Poll reveals child neglect worries
Both professionals and the public feel powerless to help in suspected cases of child neglect, campaigners have warned.
More than half of social workers and a third of police officers felt powerless to intervene while less than two-thirds of the public who had concerns had told someone else, surveys showed.
Action for Children called for the Government to increase families' access to support and encourage parents and the public to act early on signs of neglect.
Dame Clare Tickell, the charity's chief executive, said: "Neglect corrodes childhoods, robbing the most vulnerable children of hope, happiness and life chances.
"All our findings point to the stark reality that neglected children and their parents are being identified, but neither the professionals nor the public feel empowered to help or intervene, particularly at the early stages.
"When it comes to child neglect the reality is we are only tackling the tip of the iceberg, and there are many thousands out there in desperate need. We are currently missing critical opportunities to help and putting valued professionals in an impossible position."

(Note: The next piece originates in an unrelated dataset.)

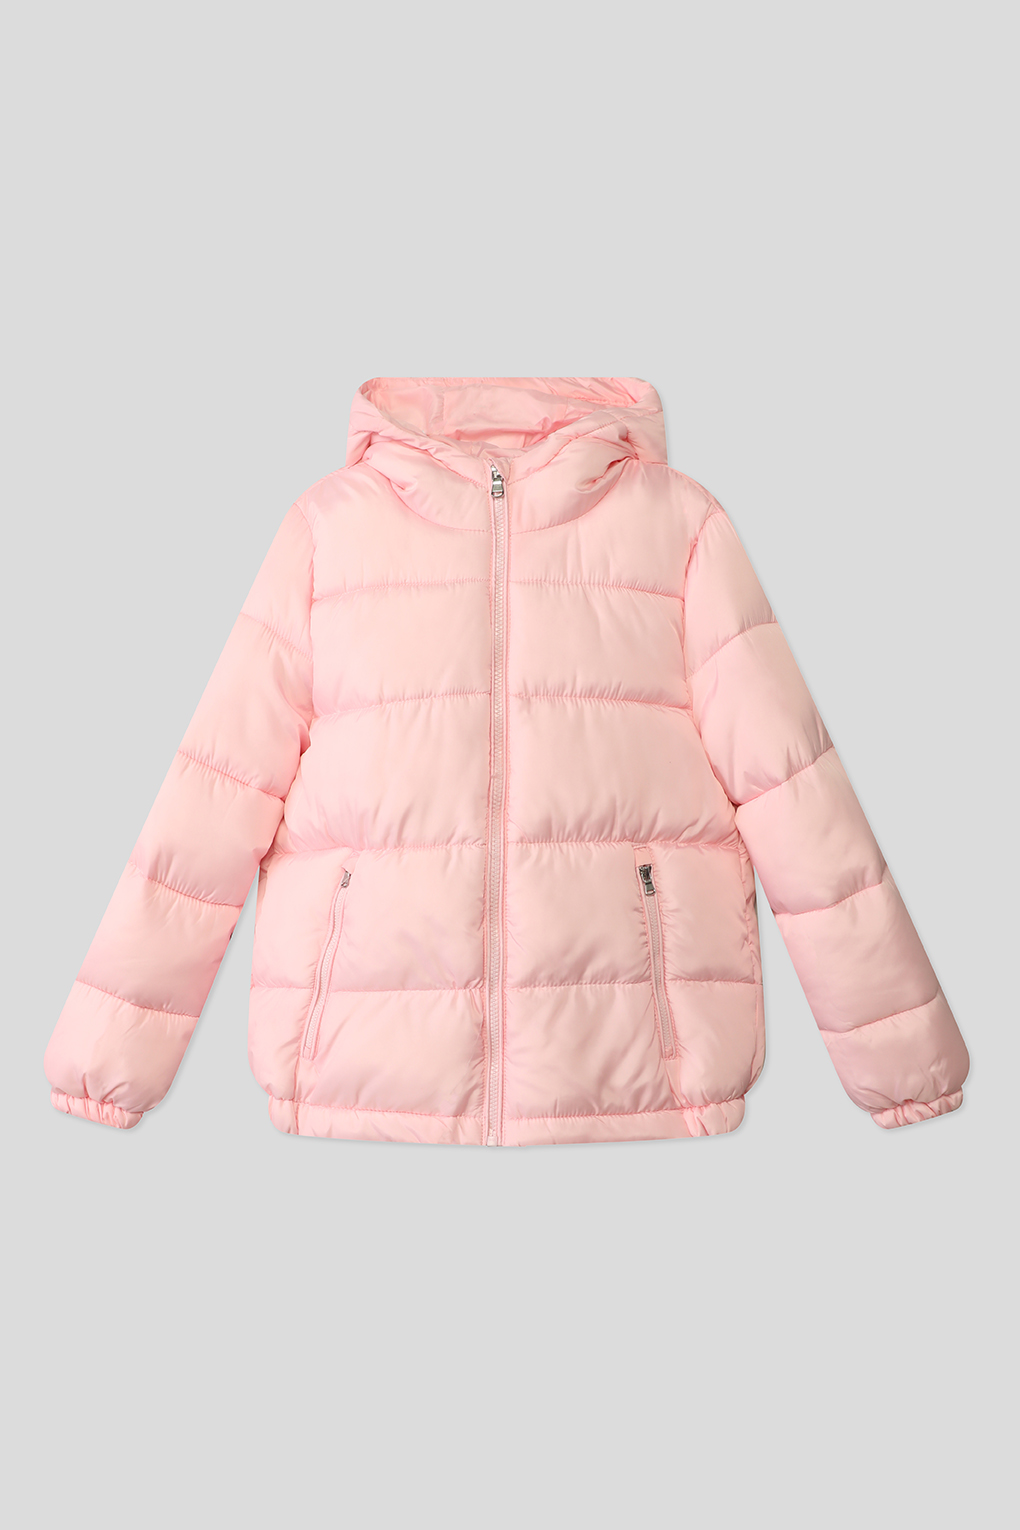 Куртка утепленная для девочек OVS, розовый 158р.

Professor Corinne May-Chahal, co-chairwoman of The College of Social Work, added: "The point at which social workers can intervene in cases of neglect is too high. This high threshold allows the challenges families face to deteriorate to the point where they need urgent help.

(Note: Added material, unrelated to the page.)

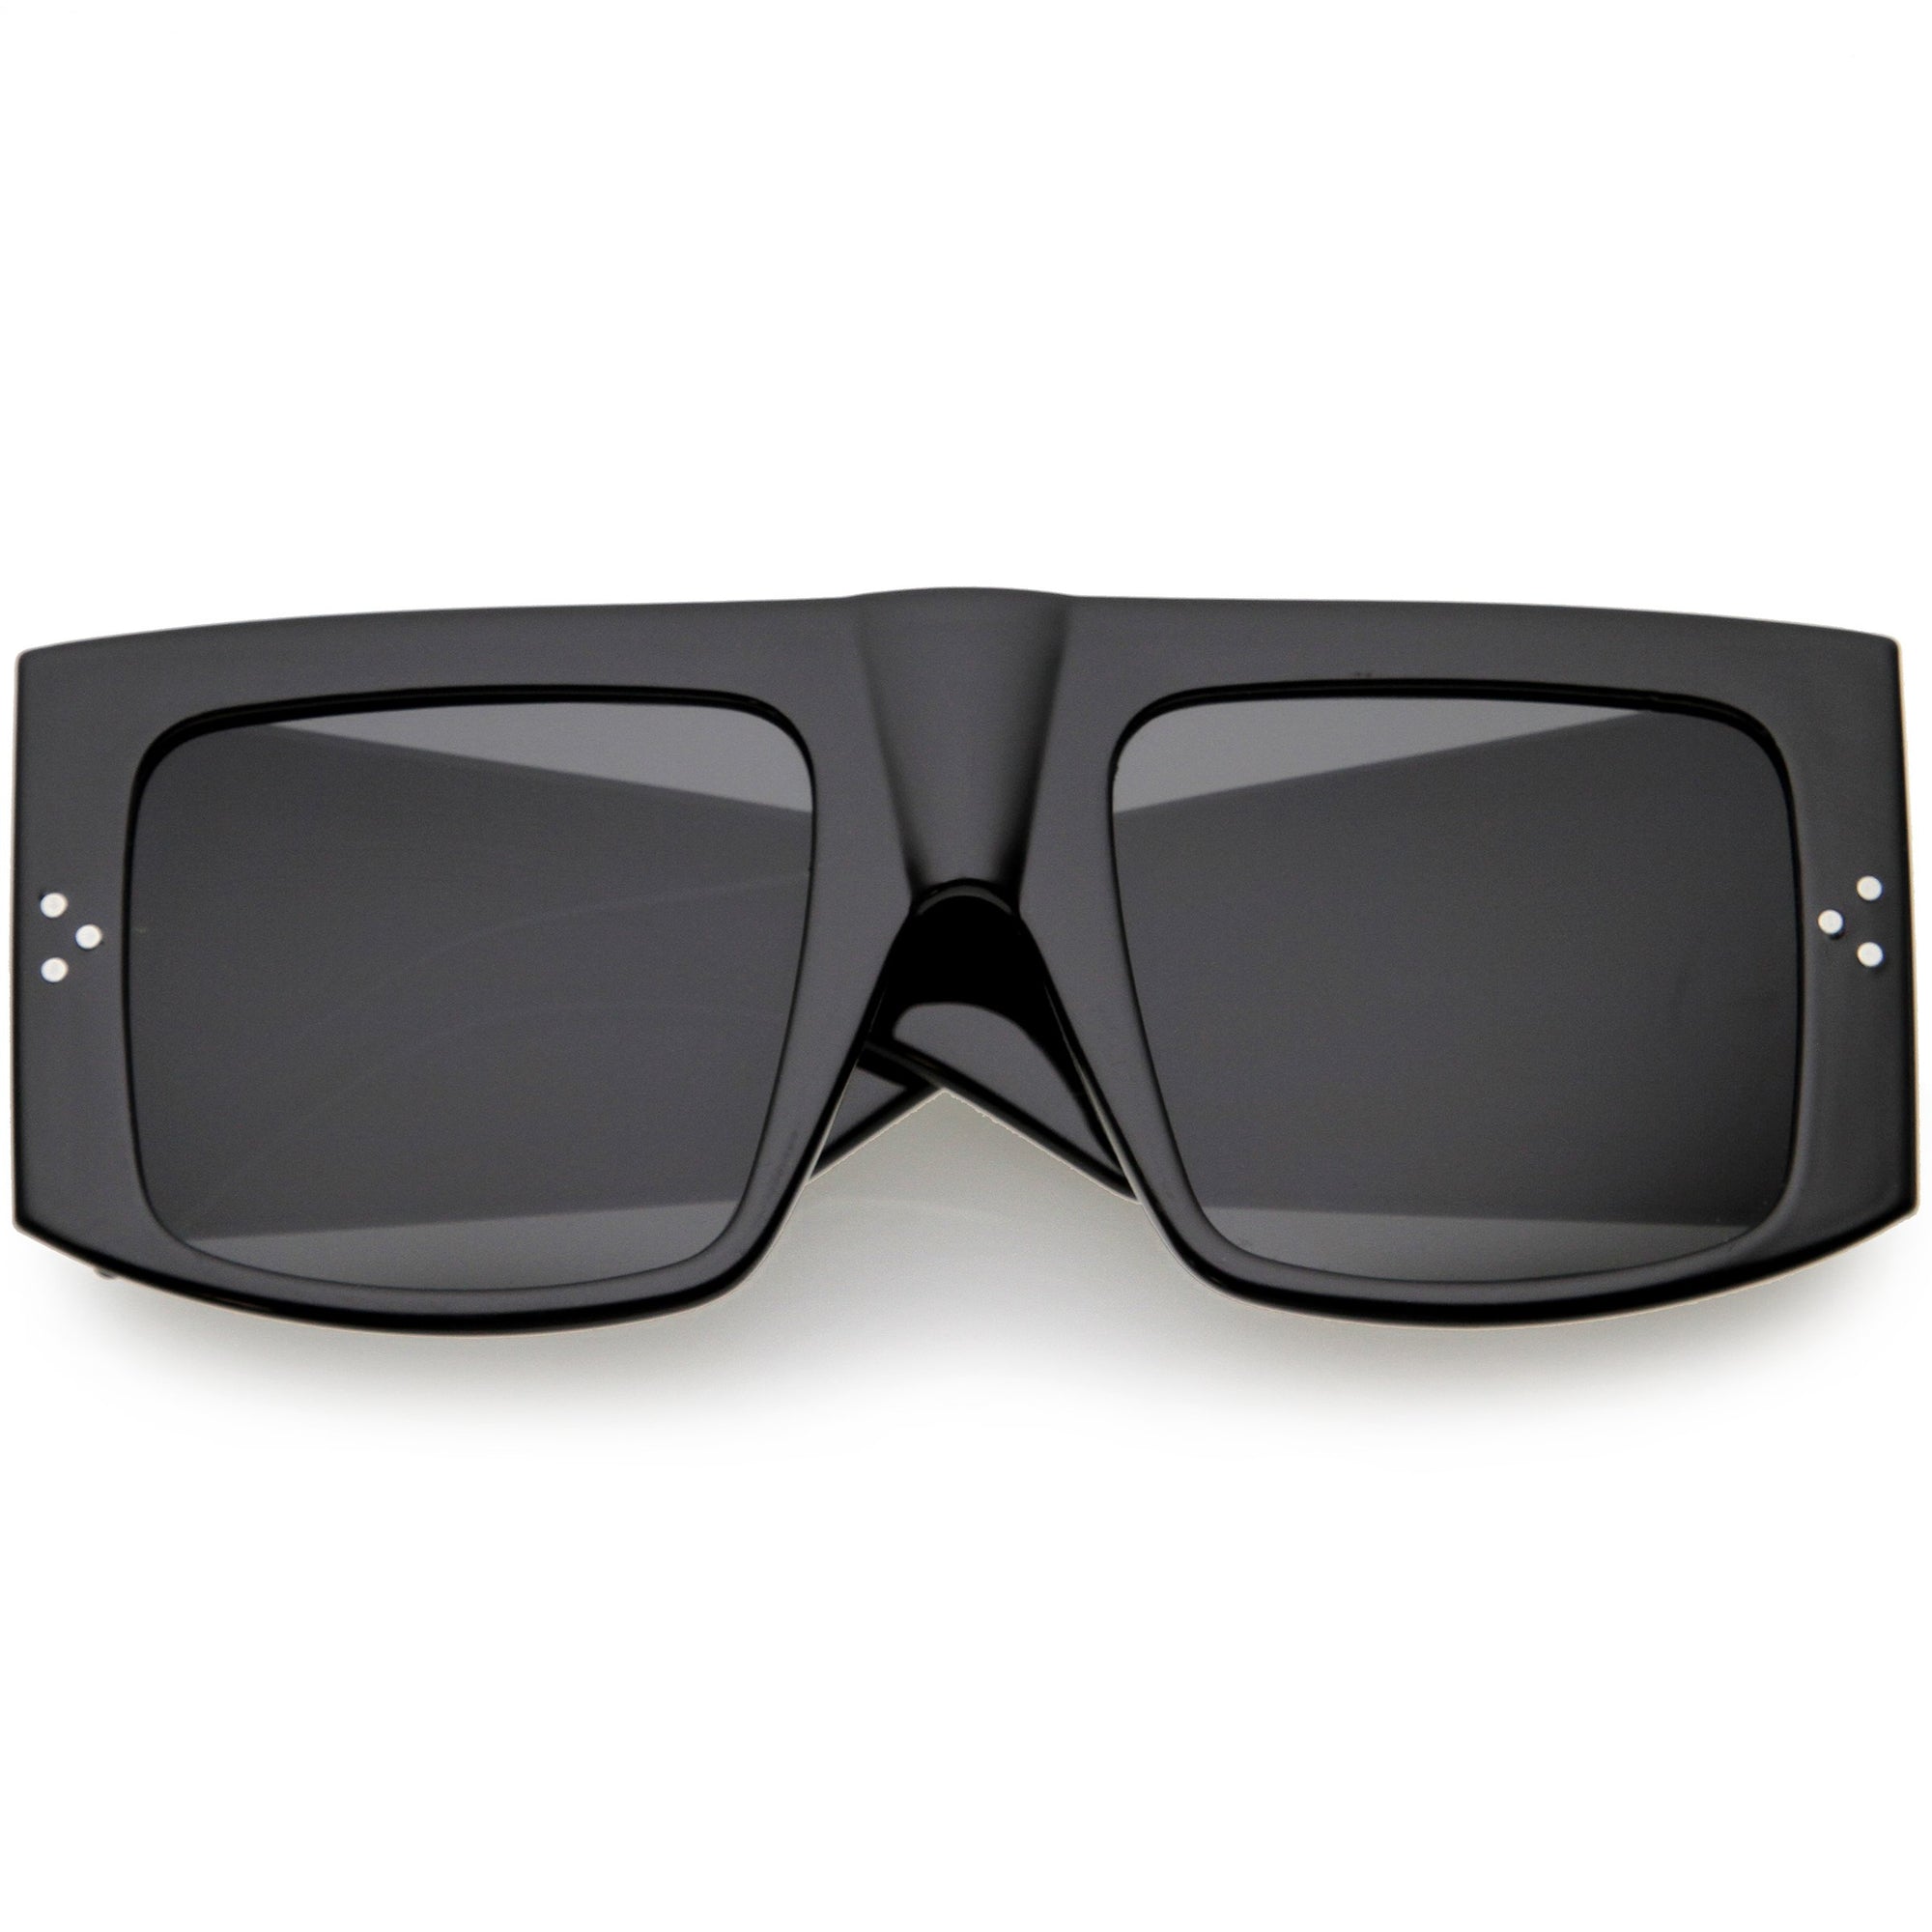 Unisex Flat Top Square Sunglasses Black

"Even when a child has been identified as being neglected, social workers struggle to get them the support they need due to a lack of time or resources. The system, in its current state, falls short in providing the safety and security neglected children need."
A YouGov poll of almost 300 social workers found 51% felt "powerless" to intervene in cases of child neglect while a survey of almost 250 police officers found 36% felt the same.
More than half (52%) of over 2,000 adults polled said they had had concerns about child neglect, but just 62% had told someone else, with the others worrying about a lack of evidence and more than a third wanting more information on who to contact.